The thing about Carrie Mathison is that for all her intelligence, for all her abilities to manipulate and extract the truth and expose who she wants to expose, she oftentimes gets in over her head emotionally. We saw it with Brody, and we’re now definitely seeing it with Aayan as well; she’s excellent when it comes to drawing him in, but at the same time, she may not realize that she’s drawing herself in, too.
In fact, she’s already in so far that her other duties are falling by the wayside, and the cleric that Fara and Quinn are following ends up eluding their grasp because she’s too busy with Aayan. To make matters worse, Saul is in the trunk of the cleric’s car, and what this situation implies is that because Carrie is too invested emotionally, she’s distracted from one of the few people she actually connects with and cares about and has a mutual respect for. She’s the kind of person who can’t keep her emotions and her job separate, which is interesting considering she came to Islamabad to do exactly that.

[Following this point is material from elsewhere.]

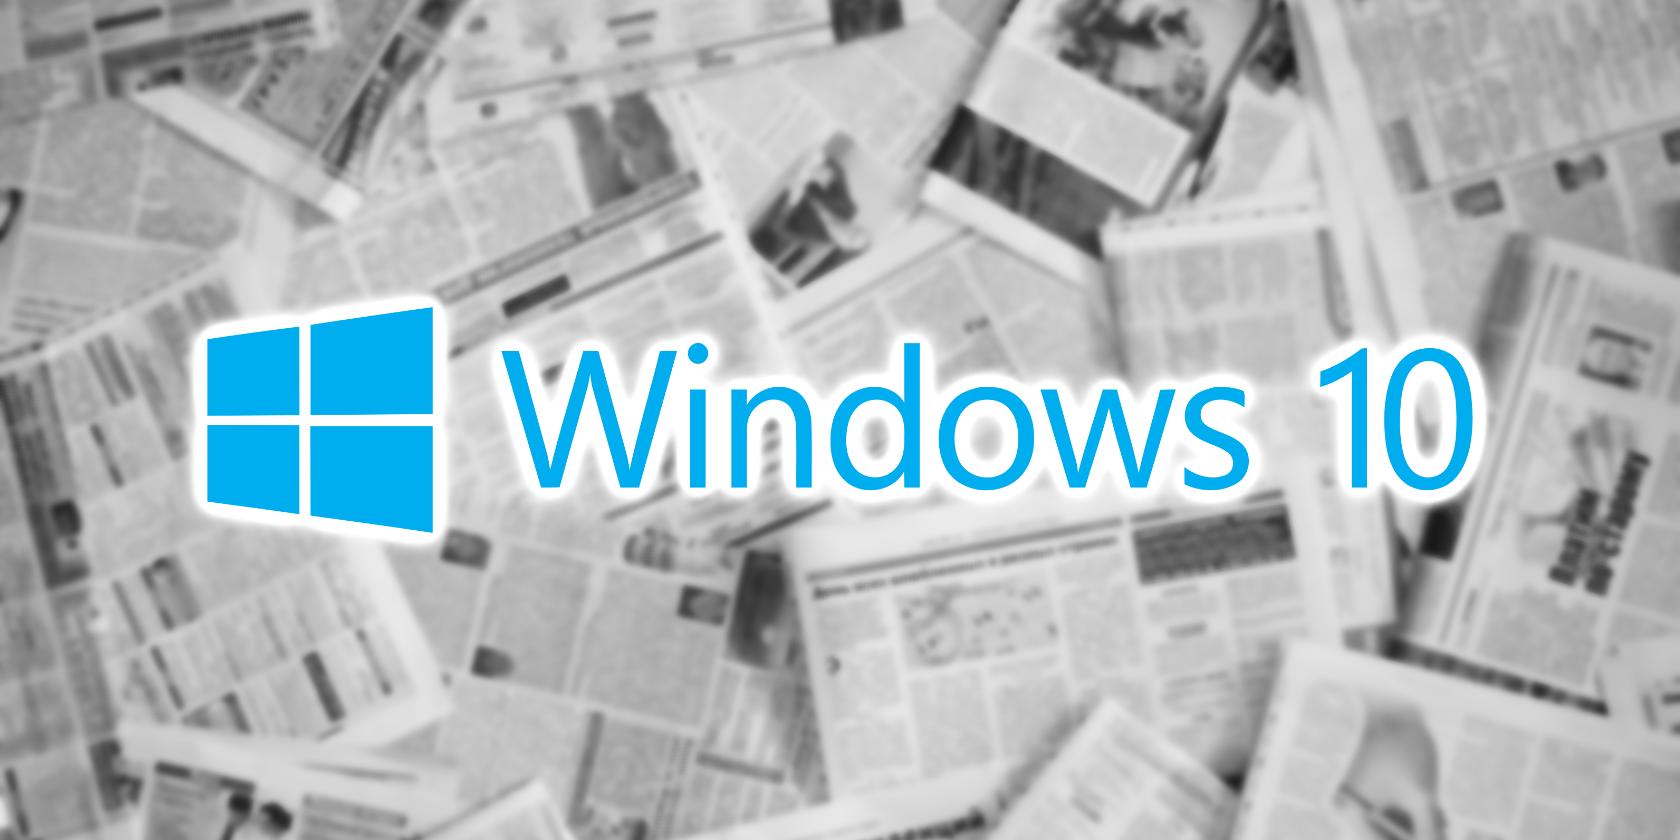 Microsoft Brings News and Interests to Every Windows 10 Users Taskbar

Now, we see Fara getting deeper and deeper into this mess as well, and this exemplifies the way the environment these characters live in can corrupt and consume. She has a conversation with Quinn about exploiting weaknesses, about “becoming a professional liar in order to be good at this job”, and we get the sense that while Quinn is trying to save Carrie from a certain world, he’s also simultaneously pushing Fara into it. This is simply a world of espionage, and it’s difficult to break free.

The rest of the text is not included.